WHEREAS, pursuant to the Ownership and Operation Agreement, the Collateral Agent has agreed to serve as a common collateral agent for the Owner Lessors.
WHEREAS, in consideration of the transactions contemplated by the Participation Agreements, Homer City has agreed to, and simultaneously herewith will, assign, for the term of the Facility Site Leases, all of its rights and interest in, to and under those certain Material Project Agreements more fully described onExhibit B hereto (the "Assigned Agreements") to the Collateral Agent for the benefit of the Owner Lessors pursuant to an assignment agreement (the "Assignment Agreement").
WHEREAS, for the term of the Facility Leases, the Owner Lessors have agreed to subassign all their right, title and interest in, to and under the Assigned Agreements back to Homer City.
NOW, THEREFORE, in consideration of the representations, warranties, covenants and agreements contained herein, the parties hereto agree as follows:
1. The Collateral Agent acting on behalf of and as instructed by the Owner Lessors hereby unconditionally and irrevocably assigns, transfers and conveys to Homer City, and Homer City hereby accepts and assumes, all of the Collateral Agent's rights, title and interest in, to and under the Assigned Agreements.
2. This Sub-Assignment Agreement shall remain in effect unless and until all of the Facility Leases are terminated in accordance with their terms. The provisions of this Sub-Assignment Agreement and the subassignment to Homer City accomplished hereunder of all right, title and interest in the SCR Construction Contract shall not terminate unless and until the consent of ABB Environmental Systems, division of ABB Flakt, Inc., a corporation duly organized and existing under the laws of Delaware, to the Assignment Agreement and this Sub-Assignment Agreement shall have been obtained.

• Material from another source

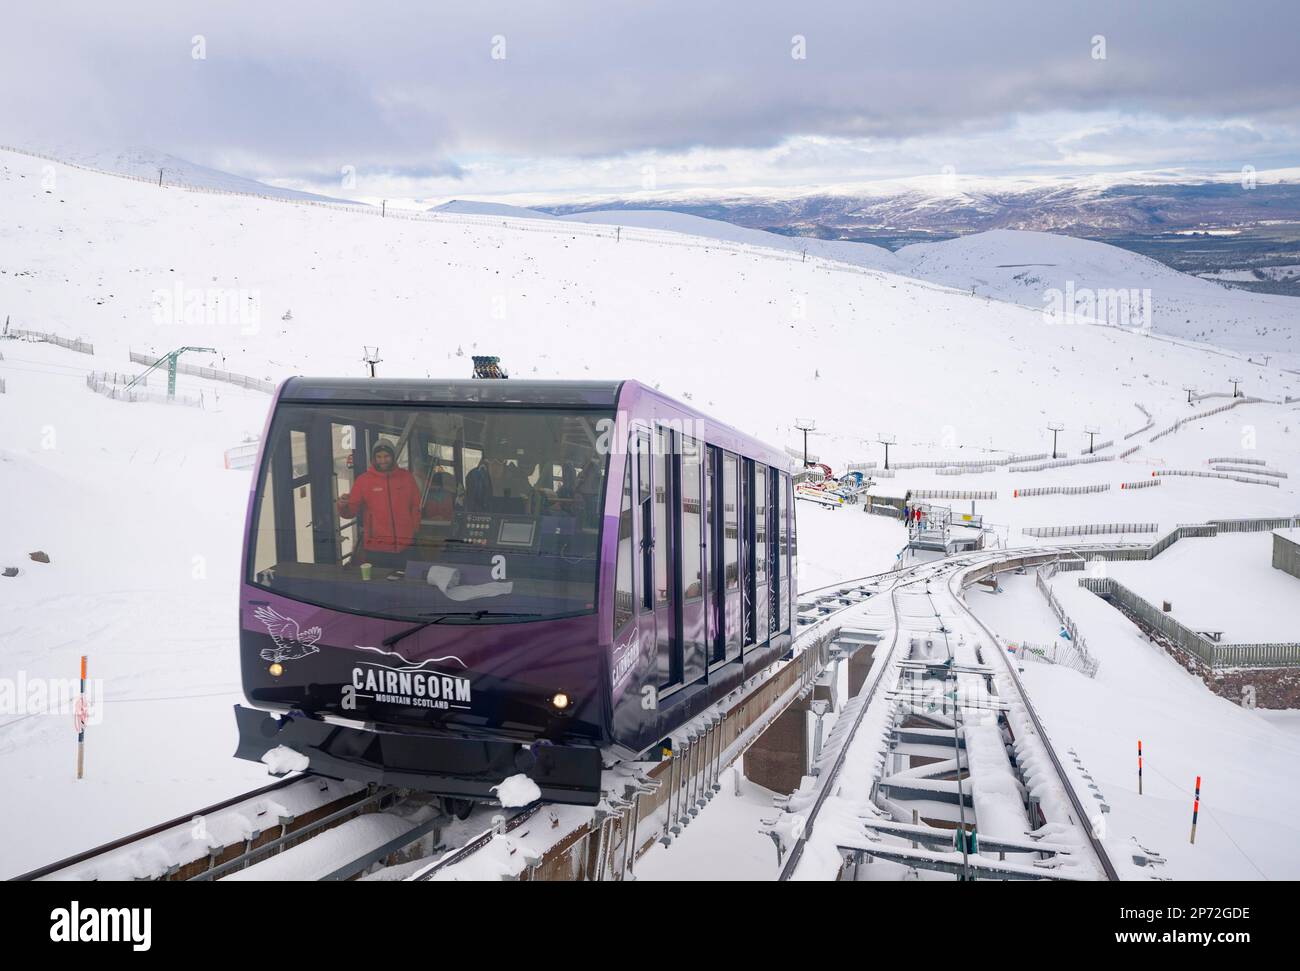 La nuova funicolare Cairngorm Mountain Railway, riaperta di recente, trasporta gli sciatori fino alle piste sciistiche della zona sciistica di Cairngorm, vicino ad Aviemore, Scozia, Regno Unito Foto Stock
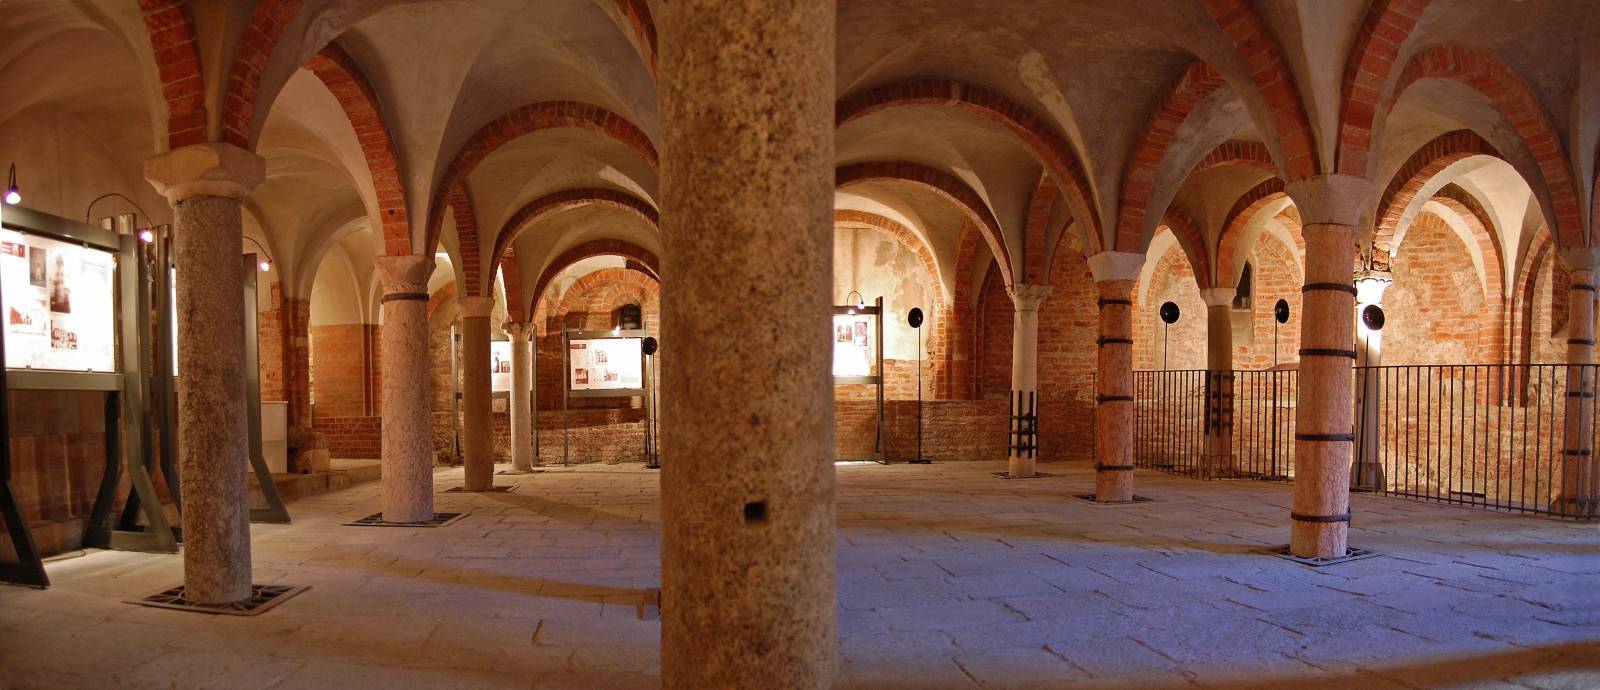 Milano sotterranea: tra la cripta di San Giovanni in Conca e catacombe

3. Homer City shall perform and comply with all terms and provisions of each of the Assigned Agreements to be performed or complied with by it and shall maintain each of the Assigned Agreements in full force and effect in accordance with their terms and in accordance with the terms of the Assignment Agreement.
4. The parties hereto expressly agree that (i) subject to the terms of the Participation Agreement, Homer City may enter into amendments, supplements or any other modifications to any of the Assigned Agreements or enter into any consensual cancellation or termination of any of the Assigned Agreements and (ii) the consent or approval of the Collateral Agent and the Owner Lessors shall not be required for such amendments, supplements, modifications, cancellations or termination, which shall be binding upon and inure to the benefit of the Collateral Agent acting on behalf of the Owner Lessors as successor to Homer City if and when this Sub-Assignment Agreement should terminate in accordance with its terms.
5. The Consenting Parties hereby (i) consent to the sub-assignment of the Assigned Agreements and approve the execution by Homer City of the Assignment Agreement and this Sub-Assignment Agreement, and acknowledge that no further consents, acknowledgments, or approvals of any kind shall be required for the effectiveness of the assignments contemplated hereby and (ii) agree that for so long as this Sub-Assignment Agreement shall continue in effect, the Consenting Parties shall make any payments due to Homer City under the Assigned Agreements directly into the Revenue Account.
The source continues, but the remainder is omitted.